I’ve been reading My Life in Middlemarch, the new book by New Yorker writer Rebecca Mead. It’s part biography of George Eliot and part literary criticism of Middlemarch. But it’s also part memoir of Rebecca Mead and her experience reading Middlemarch throughout her life, and she uses that story to look at the ways that the books we read entwine with our lives, how they both reflect & also shape us.

Mead read George Eliot as a kid, growing up in a small town in England where, she notes, the countryside looked a lot like the cover of Middlemarch. And she kept re-reading Eliot – through school, love affairs, and a move to New York – her view of the book changing as her life did.

I haven’t even read Middlemarch yet, but I can think of so many books that have influenced me in ways I can’t always see. Who would I be if I’d never traveled to Narnia? Never met Ramona Quimby or Bilbo Baggins or Hermione? Hadn’t cried over my beat up old paperback copy of David Copperfield?

“Reading is sometimes thought of as a form of escapism,” Mead says in the early pages of My Life in Middlemarch, “and it’s a common turn of phrase to speak of getting lost in a book. But a book can also be where one finds oneself; and when a reader is grasped and held by a book, reading does not feel like an escape from life so much as it feels like an urgent, crucial dimension of life itself.”

I remember being ten years old, reading Jane Eyre and discovering Mr. Rochester’s secret in the attic for the first time; and I’ve re-read it so many times since then.

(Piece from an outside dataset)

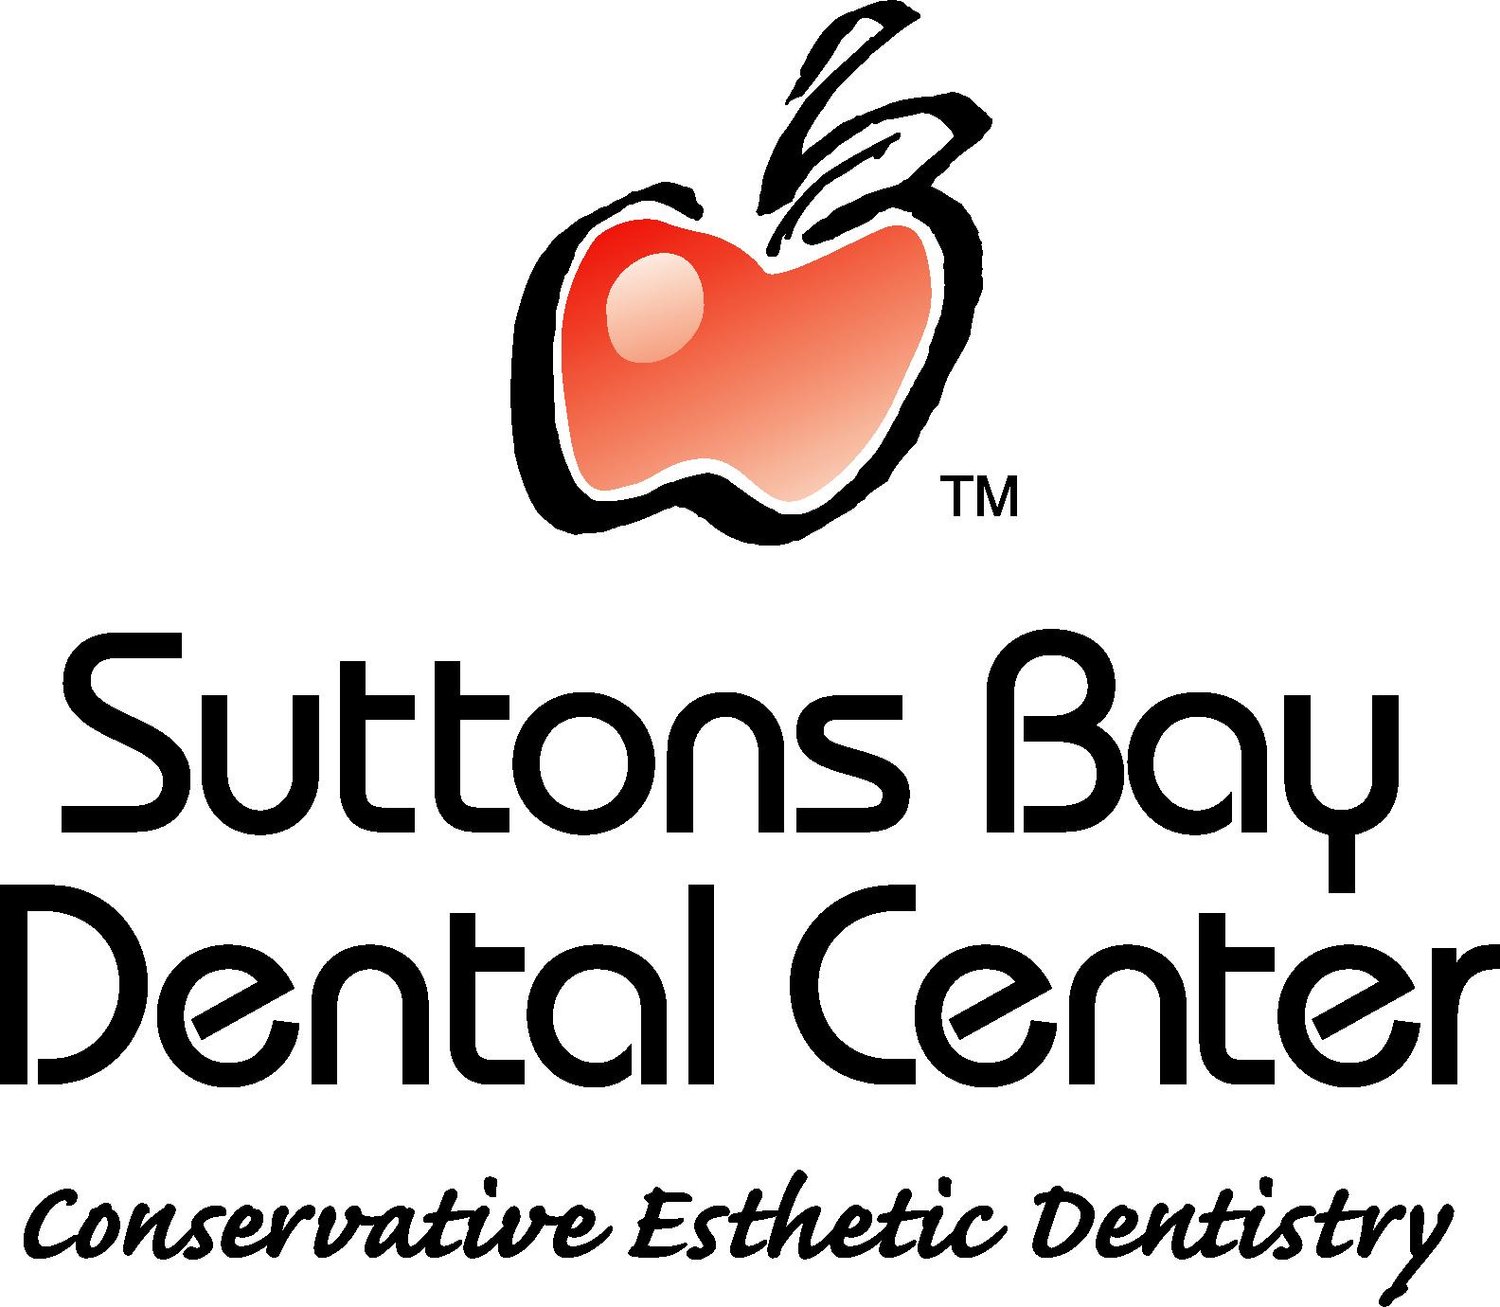 Suttons Bay Dental Center

On the surface, Jane Eyre and I don’t really have that much in common. But we get each other, Jane and I. Her intense internal monologue is so familiar to me, as is her penchant for ornery men with good hearts who like women for their brains. As I grew up, she was asking the same questions I was asking. She knew what it was to be determined, and misunderstood. She taught me that it’s possible to be both moral and passionate; both loving and also fierce.

My Life in Middlemarch made me think about my own favorite 19th century novel (written by a woman under a male pseudonym) & about all the ways the things we read become a part of us. At one point in the book Mead quotes Dickens, who was an early champion of George Eliot. He wrote her a letter after reading one of her novels, which he said “has taken it’s place among the actual experiences and endurances of my life.”

Of the many crazy experiences I have had, both literal and literary, my life with Jane Eyre and Mr. Rochester at Thornfield Hall is one of my favorites.